Hopes of US-China trade war reprieve spark wider global rally

LONDON • The risk-on tone in global markets extended yesterday, propelling stocks higher amid further optimism for US-China trade talks and stable borrowing costs.

Haven assets declined, from Treasuries and bonds to gold and the yen. US equity futures rose, following the S&P 500 Index's first close above its 50-day average since early last month, and all 19 sectors of the Stoxx Europe 600 Index climbed.

Oil extended a third week of gains towards US$53 a barrel in New York.

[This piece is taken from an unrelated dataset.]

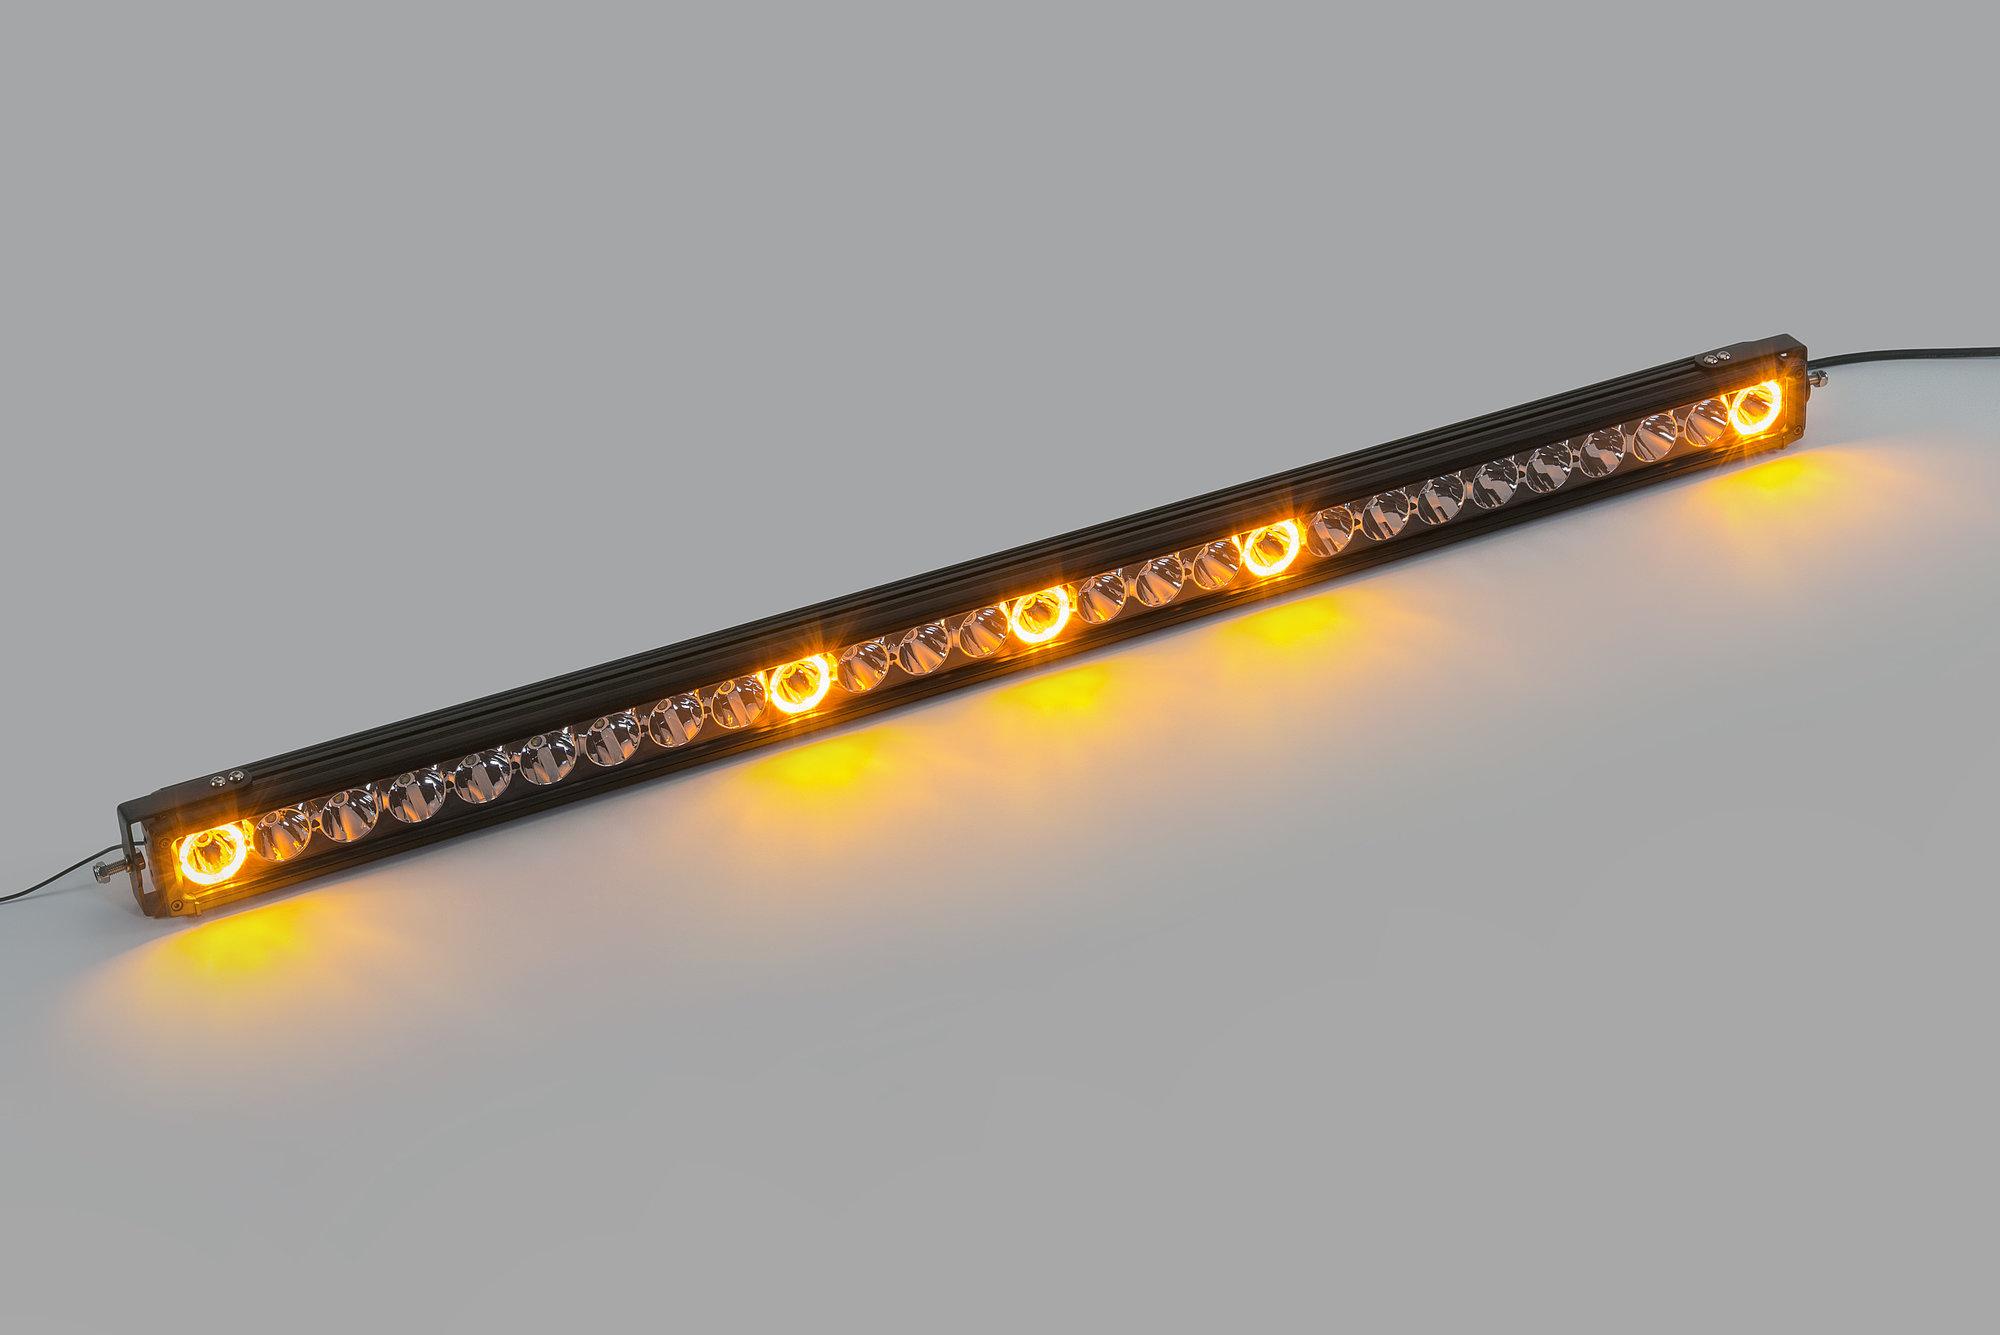 Quadratec J5 Led Light Bar With Amber Clearance Cab Lights

Treasuries fell along with core German and French sovereign debt, while an index of European corporate credit risk fell to a two-month low.

Equities and lower-rated debt head into the weekend with momentum after investors got some relief over concerns about the growth and rates outlook from United States economic data and central bankers. Chicago Fed president Charles Evans said the American economy is doing well, allowing that "we can easily be patient" in deciding on further interest-rate increases.

Global stocks powered towards their fourth weekly gain, helped by positive reports on trade. "We think valuations are attractive," said Ms Marija Veitmane, senior multi-asset strategist at State Street. "There's quite a lot of bad news already priced in. Lack of bad news is good news, and we can see markets re-pricing back to higher multiples."